Trespasses
“Utterly hip, while at the same time a voice from another era, Trespasses is about ‘growing up in a poor farming town in the Great Plains,’ an examination of the term ‘white trash’ through interviews, research, and memory, and an evocation of a place many of us will never see. Yet, at its heart, it is a lyric evocation of self. Plainspoken, tattooed, and brilliant, Lacy Johnson pushes the boundaries of what memoir—and, perhaps more importantly, what any of us—can be.”—Nick Flynn
“I was riveted by Trespasses—written with the haunting interiority of poetry and the compelling drive of prose. Much like being caught in a novel by Faulkner or Morrison, I found myself thinking about large important issues without initially understanding how Lacy Johnson’s language carried me there.”—Claudia Rankine
“The middle of nowhere for some is her home in rural Missouri for Lacy Johnson, and it’s a place she loves but where she cannot stay. That trouble of her heart is beautifully mapped in the quiet, beguiling Trespasses. Writing in a multiplicity of voices that surprise but also ring true, Johnson digs into the notions of ‘home’ with a clear-eyed reverence for family and the emblems of Middle America: silo and sparrow nest, shotgun and sewing table.”—Ryan Van Meter, author, If You Knew Then What I Know Now
“A haircut. A breakfast. A ride to school. An adolescent transgression. In Trespasses, Lacy M. Johnson etches indelibly the texture of a life that is lovely, horrifying, and hallowed. Her writing is a marvel: a microsectioning of the simplest memory, a peeling and lifting of each layer to reveal new truths that the reader keeps recognizing. Focusing on being defined by class, Johnson simultaneously transcends it and presents us a primer on how to see as humans.”—Melissa J. Delbridge, author, Family Bible
A series of vividly rendered personal narratives, Trespasses recounts the coming of age of three generations in the rural Great Plains. In examining how class, race, and gender play out in the lives of two farm families who simultaneously love and hate the place they can’t escape, Lacy Johnson presents rural whiteness as an ethnicity worthy of study. As she dismantles the complex history of a forgotten place while fighting to keep its people whole, Johnson reflects on a place that outsiders can cross into or pass through, but may never fully know. From formal and informal research methods, Johnson has produced an innovative collection of prose poems and essays that together create an exciting work of contemporary nonfiction.

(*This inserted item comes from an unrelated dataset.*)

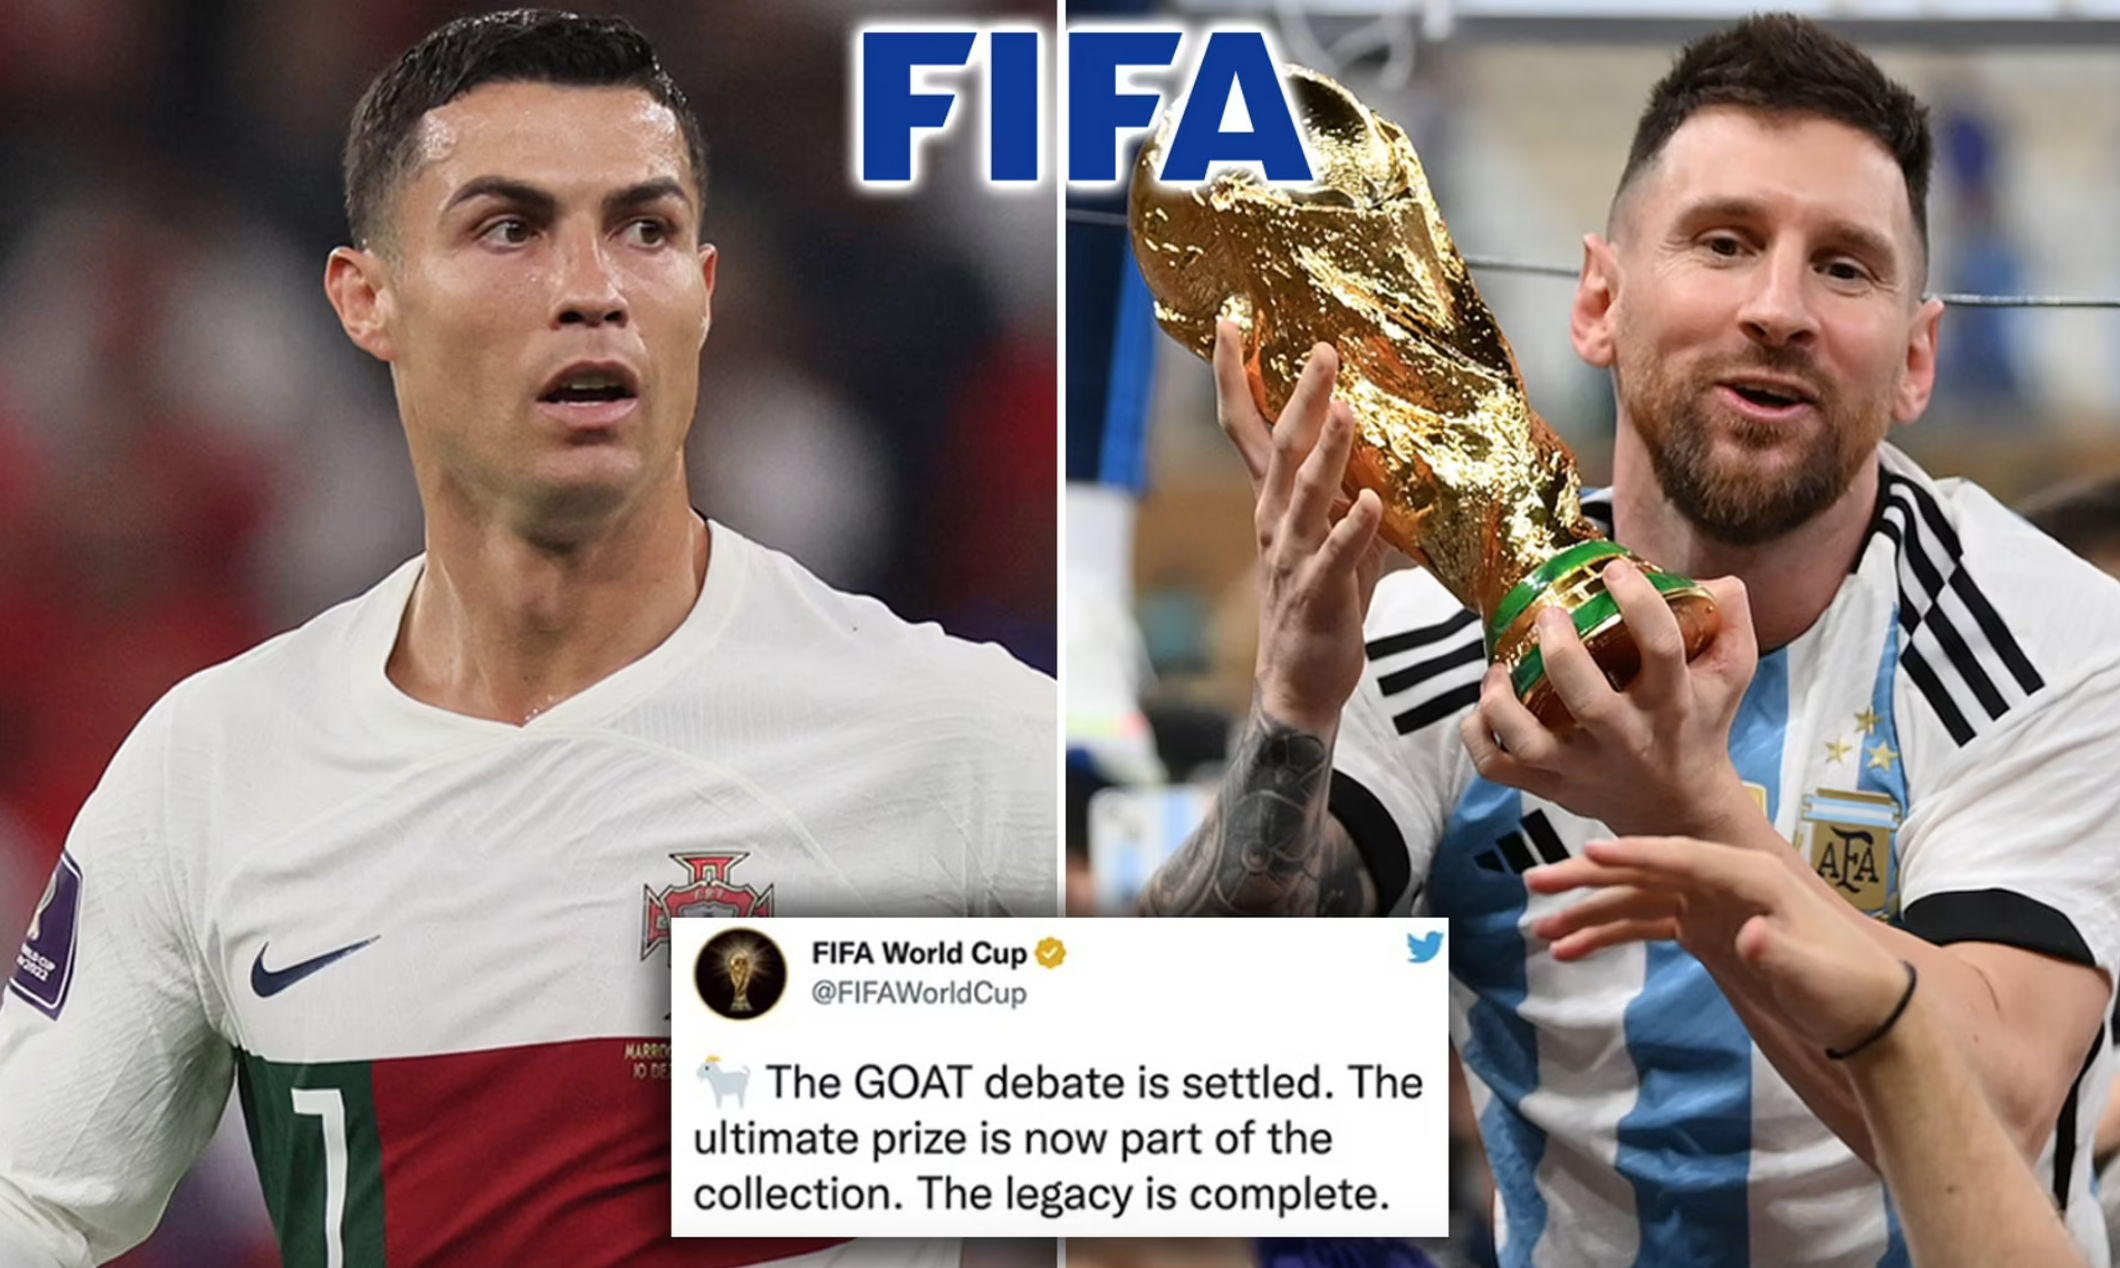 Dòng trạng thái của FIFA khẳng định Messi là GOAT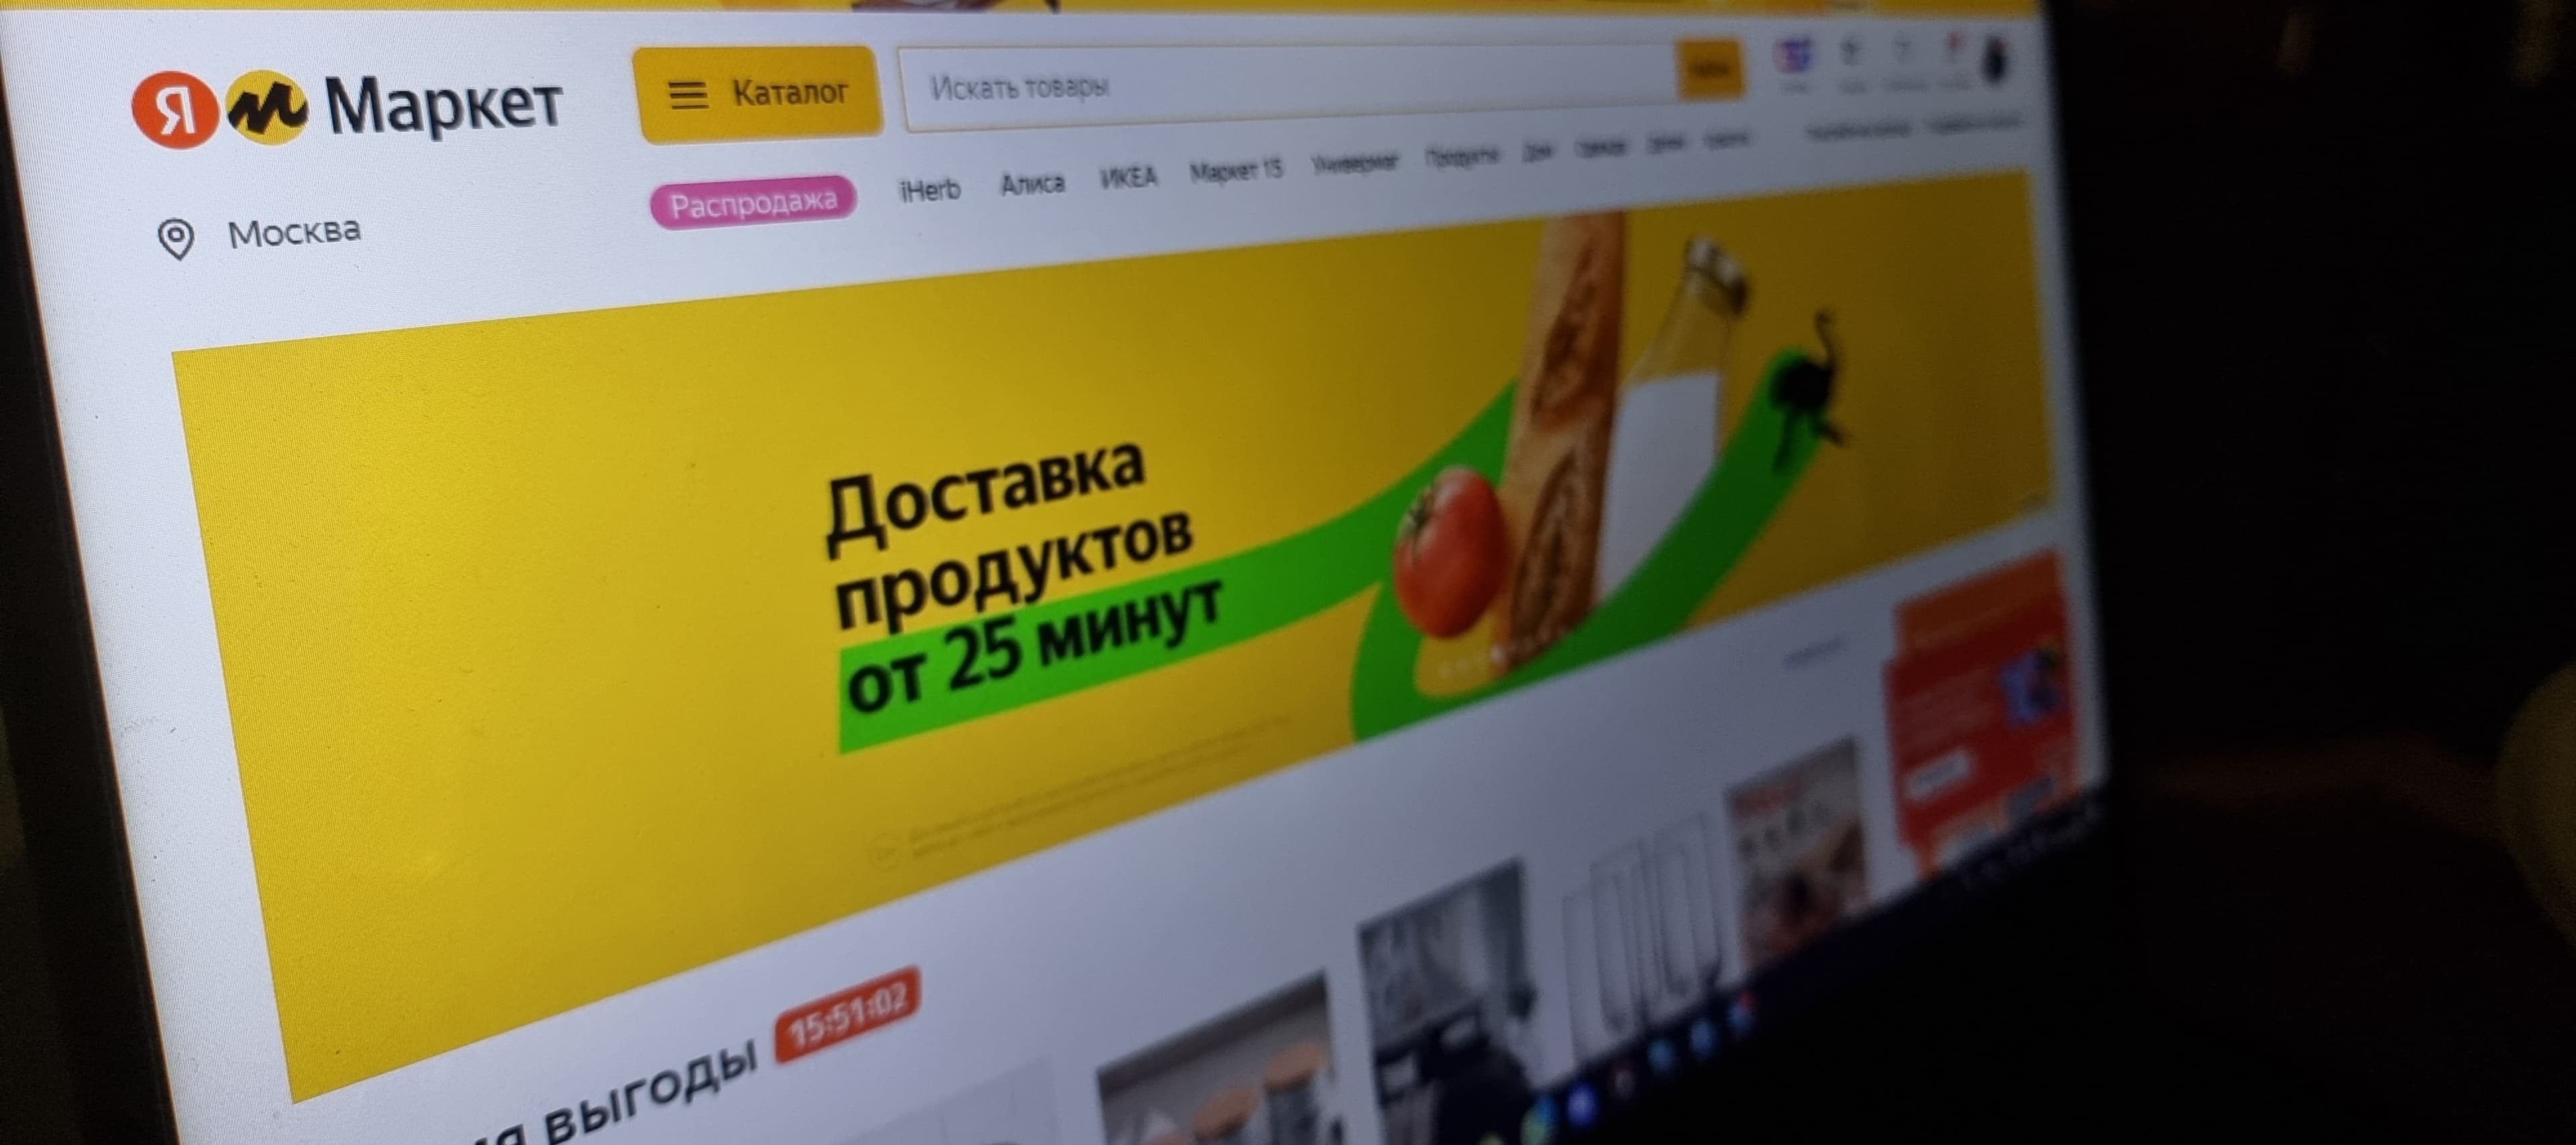 Фото новости: "«Яндекс.Маркет» впервые вошел в топ-3 интернет-ритейлеров в России"

Examining region through the lenses of memory (experience), history (memory made public), and theory (experience abstracted), Trespasses is a deeply intelligent work, at the center of which is the author, always feeling as if she doesn’t belong but not sure where else she should be. In this profound work, Johnson drifts gracefully back and forth between timelines and voices in a way that illustrates how her present is connected to the many pasts she chronicles.
a slur
that no one ever says out loud. Not to me anyway. Instead: one of those. One of ours with one of them. They can’t believe it. Degenerate, they mean. Filthy. Poor. Disrespectful. Which describes no one I know. The girl in my English class wears her hair in tight, neat braids, raises her hand and always gives the right answer. Such supine poverty exists there. Her skin is smooth and smells like lavender. My mother says her family took out a second mortgage on their house. The other side of the tracks. I should know better than to be her friend. My father tries to explain: I’d shake one’s hand. I’d even take blood from one. He says this slowly, carefully, his eyes unblinking and intent, his hands resting on the arms of his chair, his feet planted firmly on the floor. I just don’t want one marrying my daughter. Loud-mouthed, he means. Godless. Promiscuous. Illegitimate. Leech. But he doesn’t say it, not to me. Failure. Wretched. Danger. Scourge. Instead, my mother says, Disowned. Disappointment. Disaster. Low-class, she means. Vulgar. Ignorant. Embarrassing, she says in the kitchen, slamming cabinet doors, opening the refrigerator, rooting for nothing in particular. Seriously, she says, turning on the faucet, her palms braced against either side of the sink. What will everyone say? What will everyone think?]